Call for Papers on Community

Posted by on August 20, 2012

From Fry, Melissa S. <frym@ius.edu>

PLEASE FORWARD TO ALL WHO MAY BE INTERESTED

I am organizing a session on “Community” for the 2012 Mid-South Sociological Association Annual Meeting in Mobile, Alabama November 7-10 (conference description below). Many of those who attend the MSSA meetings engage in community-based applied research. My own work as a community-based researcher and Director of the Applied Research and Education Center at IU Southeast has me exploring the idea of community and the role of academics in communities. With this in mind, I am organizing a session that welcomes papers on community as a theoretical and empirical topic of its own, applied research and its role in building community and broader discussions of the changing landscape of rural and urban community development in the 21st century.

This year’s Plenary will feature Eduardo Bonilla-Silva, whose work on race and ethnicity is essential to community-based research in diverse and changing communities. The Mid-South meetings are home to scholars from a wide range of southern colleges and universities as well as academics far and wide who began their studies in the south or under the tutelage of MSSA members. The MSSA Annual Meeting is an excellent opportunity for undergraduate and graduate students to gain experience with professional conferences. The MSSA has paper competitions at both the graduate and undergraduate levels, includes students throughout the program and includes social events to promote relationship building among Sociology students. Mobile, Alabama will provide a great location for a weekend of rich discussion and network building. Please join us!

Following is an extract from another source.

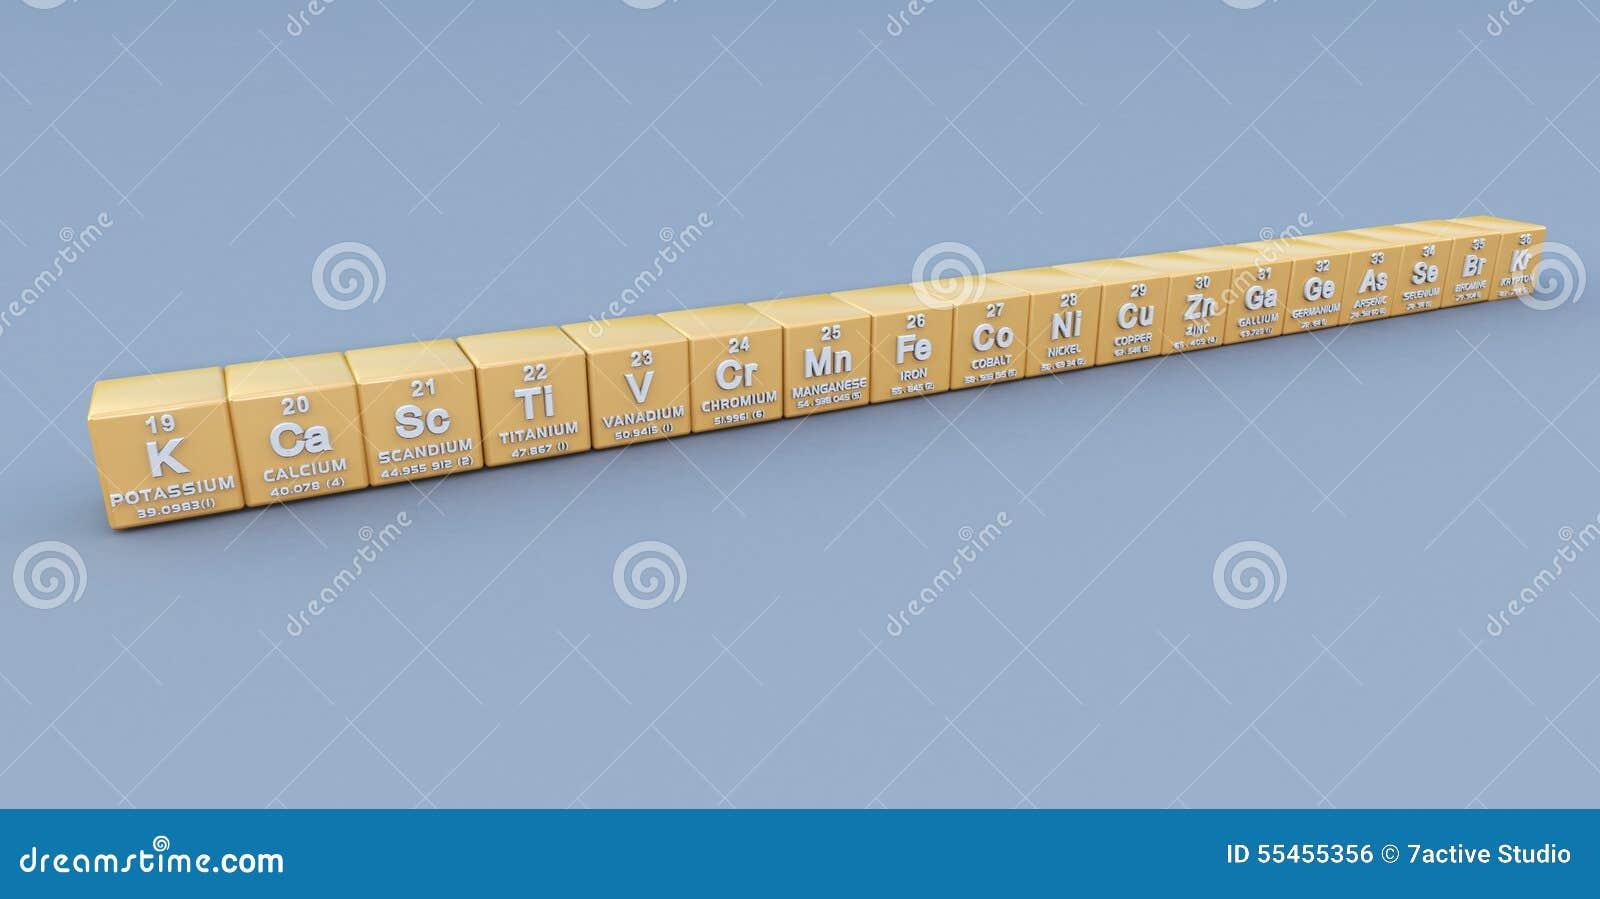 4to perodo de la tabla peridica stock de ilustracin ilustracin download 4to perodo de la tabla peridica stock de ilustracin ilustracin de educacin colores urtaz Choice Image

Papers on “Community” may be submitted directly to me at frym@ius.edu.

Regards,
Melissa

Melissa S. Fry, Ph.D.

Director, Applied Research and Education Center (AREC)
Assistant Professor of Sociology
Phone: 812.941.2105

http://www.ius.edu/arec/

Mid-South Sociological Association
2012 Annual Conference

Paper Submission Deadline September 10, 2012

“As the known facts now stand, it is apparent that sociology was first accepted by the smaller institutions of the South and by the Negro colleges”

L. L. Bernard (1948)

Although the influence of institutions including Yale, Columbia, Kansas and Chicago is often cited as central to the establishment of the discipline in the Unites States, historical documents indicate that Southern institutions and historically Black institutions are the places where the discipline was first embraced in America. It is plausible that the South’s interest in offering scientific study of the “Negro problem” and in studying the transition from rural to urban life contributed to its earlier institutionalization than its geographic counterparts. The result of the South’s embrace was the establishment of influential programs of sociological study like those led by W. E. B. Du Bois at Atlanta University, Howard W. Odum at the University of North Carolina and Charles S. Johnson at Fisk University. The influence of scholarship conducted by southerners and/or grounded in the experiences of American southerners continues today through the works of countless scholars. It is within this tradition of southern sociology that we welcome persons to organize paper sessions and/or volunteer to serve as discussants/presiders for the 2012 Mid-South Sociological Association conference.